Metadata in the long-term
If the above steps are successful in proving the value of metadata, you may wish to continue this journey. Zac offers a few glimpses of the longer-term metadata vision:
Tooling
As an industry, we can be very solution-orientated, meaning a lot of the discussions around metadata are focused on the tools that exist in that space. Helpfully, Zac has reminded us (or maybe just me) of the real problems we’re trying to solve and how metadata could play a role in fixing them.
But what is next for this class of tools so prevalent they can dominate dbt’s Coalesce sponsor list?
“We still have further to go. A lot of interfaces that are just search portals aren’t scratching the surface of the potential of metadata. That’s the future I’m excited for.” - Zac
According to Zac, look out for more AI, more metadata, new (and better) UIs, and solutions that go beyond smart searches for data.
Metadata-first data strategy
More important than a tool is strategy. Are you prioritizing metadata? Making it a part of discussions, the lexicon of the team, and the wider organization?

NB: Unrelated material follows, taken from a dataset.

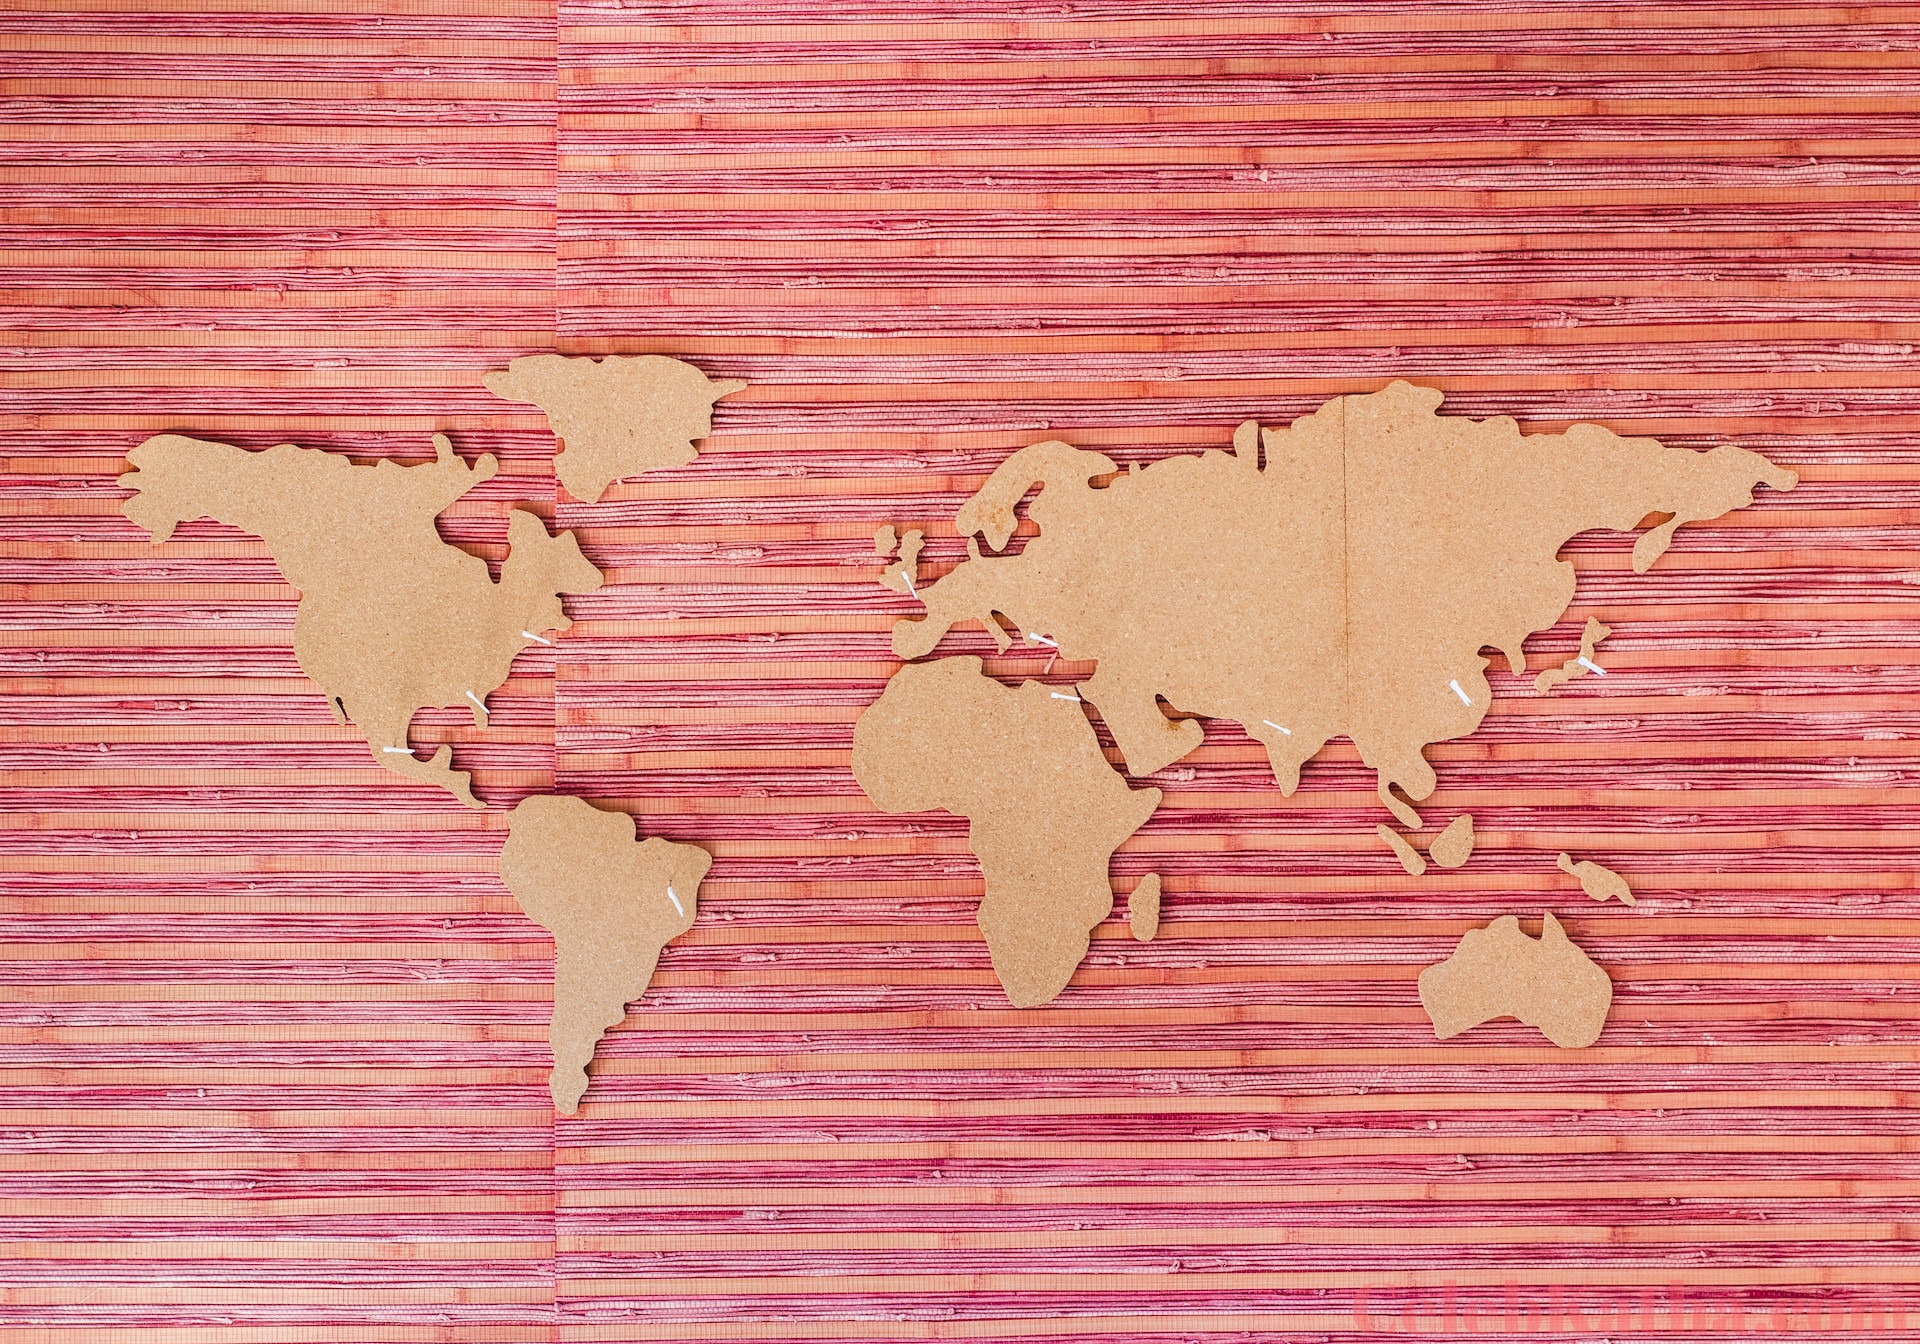 The Symbolism Behind Wooden Maps: More Than Just Geography

“In a metadata first data strategy, you're always thinking about what other metadata do I need to solve problems? And so if I'm doing a metadata first data strategy for a company that has 15 payments tables, we’ll ask how do we tie metrics about outcomes to their data sources.” - Zac
Final thoughts
I have to admit I was far less cynical on the topic of metadata after the discussion with Zac. I still have concerns and issues with the presentation of metadata (e.g. why is it in a separate tool from where work happens), but those concerns no longer have me writing off the entire field.
Zac’s reminder to use metadata as a means of connection rather than isolation is a message we all needed to hear.
Resources
[1] Timothy Morton (n.d.) https://en.wikipedia.org/wiki/Timothy_Morton
[2] Daggett, C. (2014) ‘Hyperobjects By Timothy Morton’, Society and Space, 5 September. Available at: https://www.societyandspace.org/articles/hyperobjects-by-timothy-morton (Accessed: 01 March 2024).
[3] Madden, James D. (2023) ‘Unidentified Flying Hyperobject: UFOs, Philosophy, and the End of the World’.